04-06-2016 08:17 AM - edited 04-06-2016 08:18 AM
I will try to simplify.
This is an example data, and not even a good one (I have more observations per group).
This came from LIFETEST. What I want now, it to take these two survival curves, and to smooth them.
I have this data:
data exmaple; input Group Time Survival; datalines; T 0 1 T 10 0.97 T 120 0.93 T 180 0.90 T 270 0.83 C 0 1 C 13 0.96 C 130 0.94 ;
I want to get a new column with new probabilities, of the smoothed curves.
04-06-2016 03:55 PM
You could use the logit transform on the survival probabilities, run it through scoring with Proc Loess, then inverse-logit transform back to the probability scale. That will restrict the estimates to [0,1].
04-06-2016 04:44 PM
After thinking about this problem some more, I don't see how LOESS could possibly be giving you predicted values above 1. The default interpolation is linear. If all of your Y values are between 0 and 1, it is mathematically impossible for a linear interpolation (which is an average) to predict a value outside of [0,1]. (If you have told LOESS to do cubic interpolation, then that is your problem; use linear interpolation.)
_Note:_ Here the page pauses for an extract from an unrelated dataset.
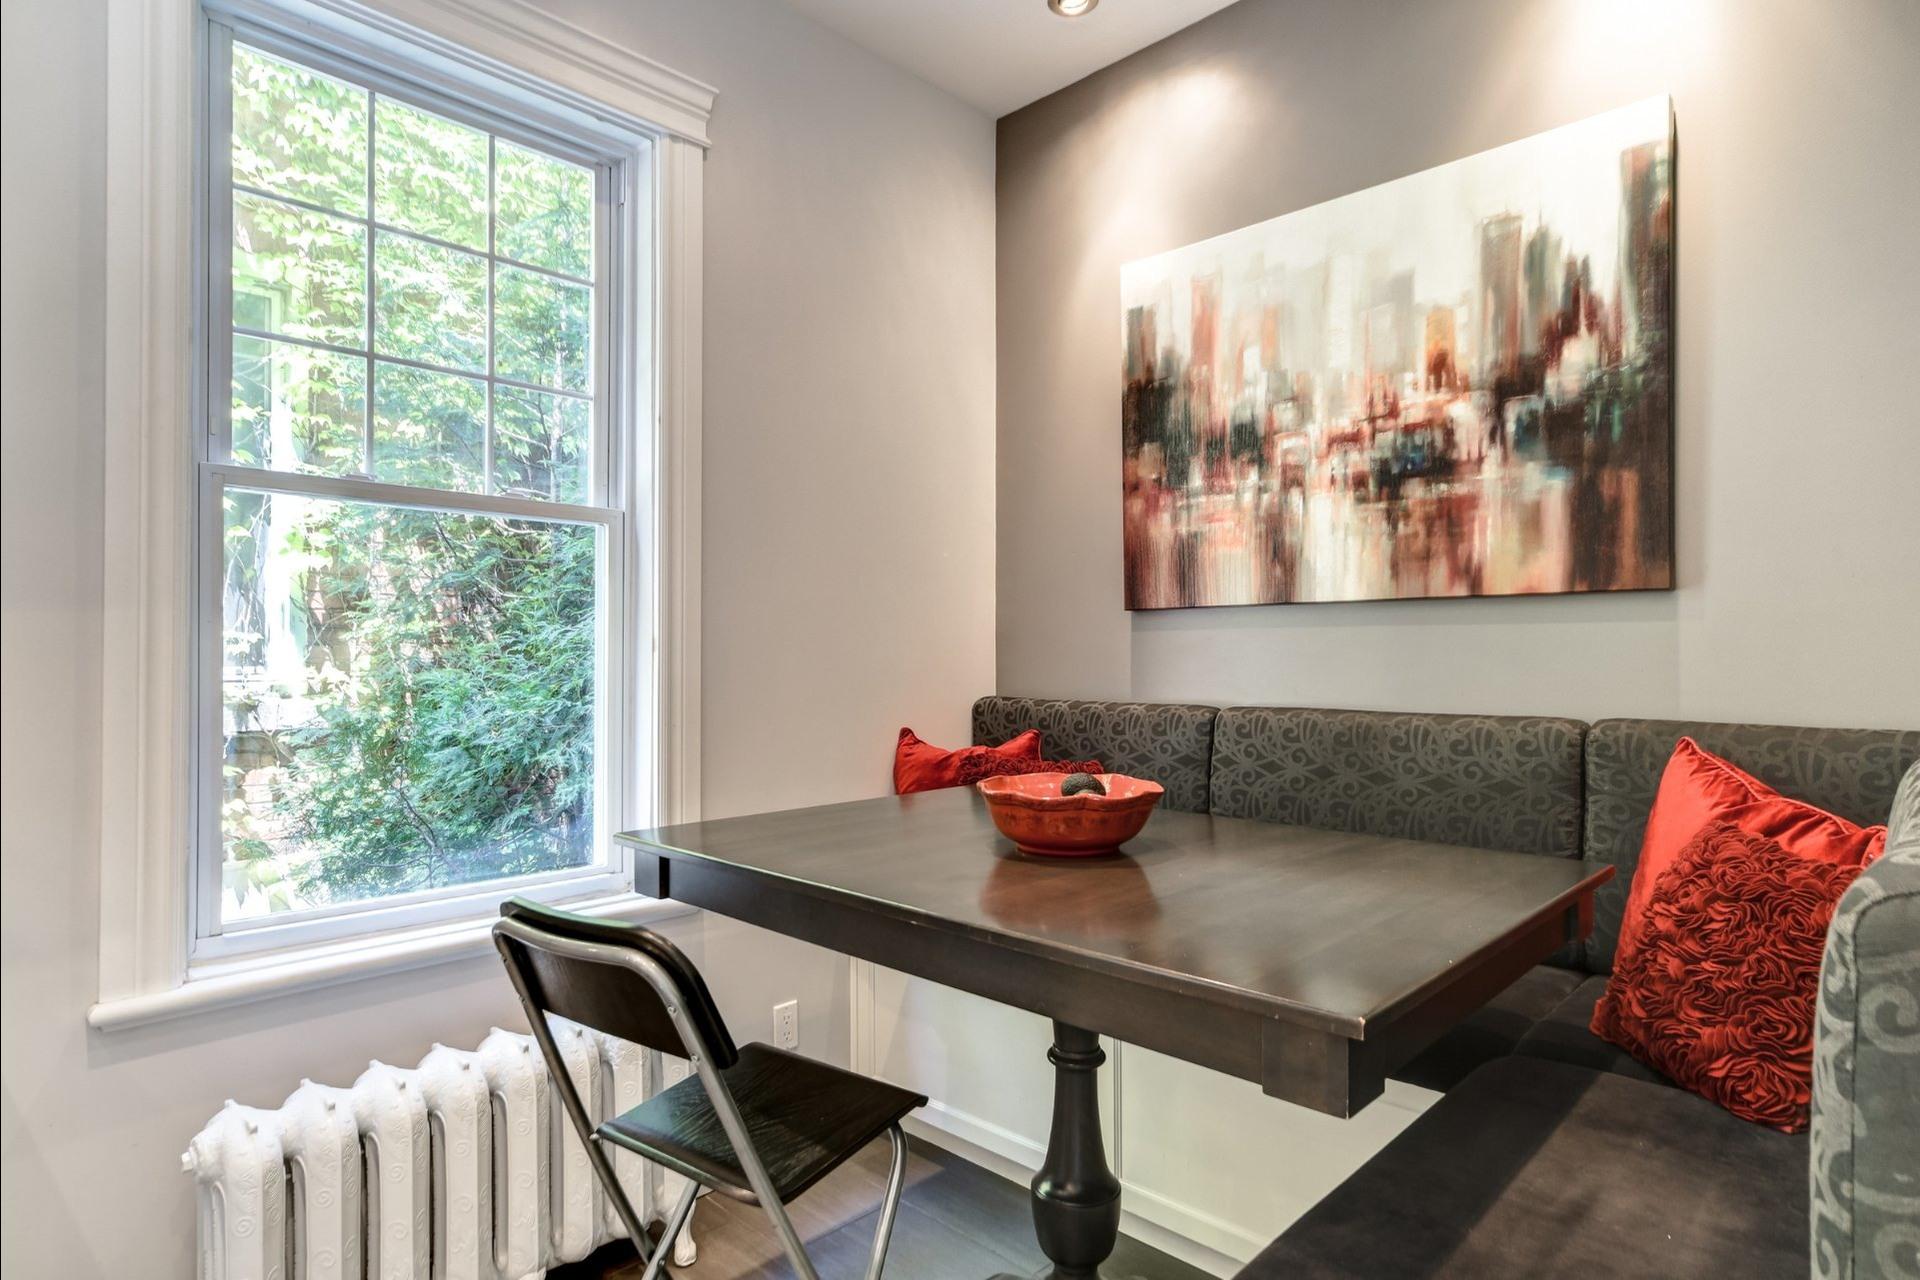 image 14 - Duplex À vendre Côte-des-Neiges/Notre-Dame-de-Grâce Montréal  - 9 pièces

LOESS does not do extrapolation, so I suggest you check your response variable to make sure that all values are between 0 and 1.
I sure would like to see an example that does what you claim. Perhas I am misunderstanding the explanation of your data...
04-10-2016 02:15 AM
data example; input Time Survival; datalines; 0 1 40 0.9382 41 0.9164 56 0.8945 61 0.8727 70 0.8509 88 0.8291 92 0.8073 97 0.7855 136 0.7636 137 0.7418 144 0.72 145 0.6982 153 0.6764 169 0.6545 176 0.6327 235 0.6101 244 0.5875 246 0.5649 298 0.5423 308 0.5197 325 0.4971 346 0.4745 402 0.4519 487 0.4294 505 0.4068 568 0.3842 722 0.3616 786 0.339 956 0.3164
Here is an example of a data. If you run PROC LOESS using this, the first predicted value (corresponding to 1) gives you 1.0035, where the code is:
DATA ScoreIt; set Example; RUN; proc loess data=Example plots=none; model Survival = Time; ods output ScoreResults = ScoreResults; score data=ScoreIt; run;
04-11-2016 11:29 AM
First, do you really need to smooth this? Survival probabilities change in discrete lumps, and smoothing will misrepresent the estimates.
Second, If you must interpolate, the simplest way to correct values greater than 1.0 is to set them equal to 1.0 in a data step, and explain your methods.
If that's not good enough, do your smoothing with a spline effect in Proc Glimmix, and constrain the intercept to be equal to 1.0.